# If you believe nothing else on this thread...



## Shutter Jim (Feb 2, 2011)

...believe this.

Never, I repeat, never tank up on a Long John Silver's Super Sampler a half an hour before hitting a ride with a prolonged climb at the beginning.

Perhaps this advice goes without saying for some, but there are still others of us out here who seem to labor under the delusion that we are special and possess some type of invincibility.


----------



## shupack (Nov 28, 2012)

did the same thing with chicken and waffles a few months ago... ugh....


----------



## Bikerector (Jan 24, 2014)

Had a teammate do something like this with a big combo platter of food before football practice. He was ssslllllooooowwwwww that day.

I ate a pizza before a ride last winter... emergency stop to an boat launch outhouse. Barely got the layers off in time.


----------



## alphajaguars (Jan 12, 2004)

O'Charley's Southern Fried Chicken Sandwich, and raw carrots have both done me in. 

Surprisingly though, a Bojangle's Sausage and Egg Biscuit and Seasoned Fries are freaking awesome.


----------



## 127.0.0.1 (Nov 19, 2013)

pre-rode a race course on a saturday, just one easy lap

was really hungry , stupidly got a mcdonalds big mac afterward instead of waiting till I got real food

worse idea ever, performed terribly on race day.


----------



## Shutter Jim (Feb 2, 2011)

Thank you all! I am glad to know I'm not the only one out there who tempts fate with a spork.


----------



## gravitylover (Sep 1, 2009)

Don't drink a Hawaiian Punch in the car on the way to the trailhead.


----------



## Slothlike (May 25, 2014)

Or a burrito the size of your head, 'cause that thing is coming right back up again. 

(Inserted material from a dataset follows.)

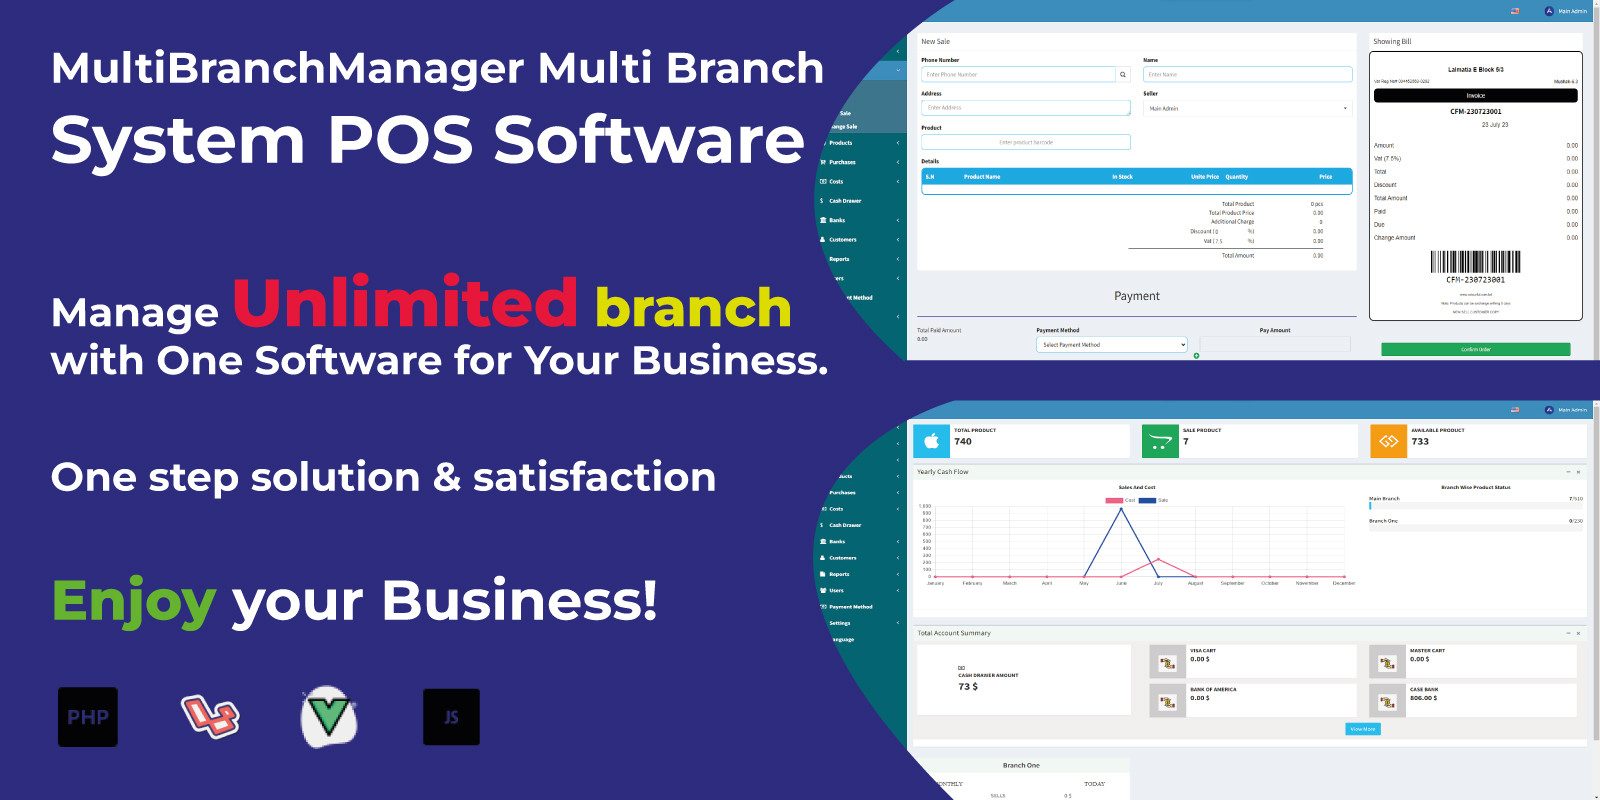 MultiBranch Manager Multi Branch POS Software

Sent from my iPhone using Tapatalk


----------



## UTGeezer (May 11, 2014)

While it my be blasphemy to mention road bikes here, don't stop for lunch at a British pub, get chatting and drinking with the locals, then realize you're 70 miles out on your long LSD out and back training ride for an upcoming tour. Seems several pints does something to the time distance continuum, and will result in the longest, most painful and miserable ride of your life.


----------



## jetboy23 (Jun 14, 2011)

UTGeezer said:


> ...stop for lunch at a British pub, get chatting and drinking with the locals...


This is why we mtb.


----------



## fishwrinkle (Jul 11, 2012)

LOL, grease, its whats for dinner


----------



## WNCGoater (Aug 21, 2014)

Wait till you get a little age on you and you'll realize Long John Silvers and Micky D's is a bad idea regardless of the following activity.


----------



## dave54 (Jul 1, 2003)

I always wondered why someone would name a restaurant chain Long John Silver's. If you have read the original novel the character is NOT the sympathetic romantic rogue the various versions have portrayed him. In the original he was a petty evil malignant coward who betrayed everyone in the end.


----------



## alphajaguars (Jan 12, 2004)

It's actually very fitting.


----------



## bigkat273 (Jan 16, 2008)

Never could eat at long Johns, just the smell of the vinegar when you walk in the place is enough to make me gag.


----------



## fishwrinkle (Jul 11, 2012)

ha! i just had fish n chips for lunch. it was swimming in malt vinegar and oh so f**king good. last year about this time i almost got into a bar fight over vinegar on mackinac island. me n wife sat down n i ordered....yup, you guessed it. guy was a whiney lil snatch and when he left to have a cig i wiped it all over his beer bottle. shyte was hilarious


----------



## EricIan (Sep 8, 2014)

Never eat a half-pound of roasted jalapeno hummus 20 min before a ride.


----------



## TiGeo (Jul 31, 2008)

This is the funniest thing I have read in a while...love me some LJS...just not before riding!


----------



## fastslowpronewb (Aug 12, 2013)

lol....


----------



## watermonkey (Jun 21, 2011)

My downfall was a can of Hormel Corned Beef Hash that I found in the bottom of the camper food bin. That got left around mile 5 on the slickrock trail, right there, next to the painted lines. There's not a lot of places to hide used corned beef hash in slickrock country.


----------



## sleepyguy1001 (May 26, 2014)

I ate at LJS's once in the 80's, I'm still burping that sh&t up.....


----------



## Mountain Cycle Shawn (Jan 19, 2004)

Add to the list two servings of oat meal cooked with strawberries and milk. It ended up in the dirt as a pink puddle of sludge. But boy, did it feel good to get rid of it! And my ride after that was like it never happened.


----------



## jmal (Jul 16, 2009)

I once ate some very spicy Thai after a long flight and then went for a ride that began with a two or so mile climb. I felt like I was breathing fire for the entire ride. That combined with the post flight ear issues made for a fine afternoon in the woods.


----------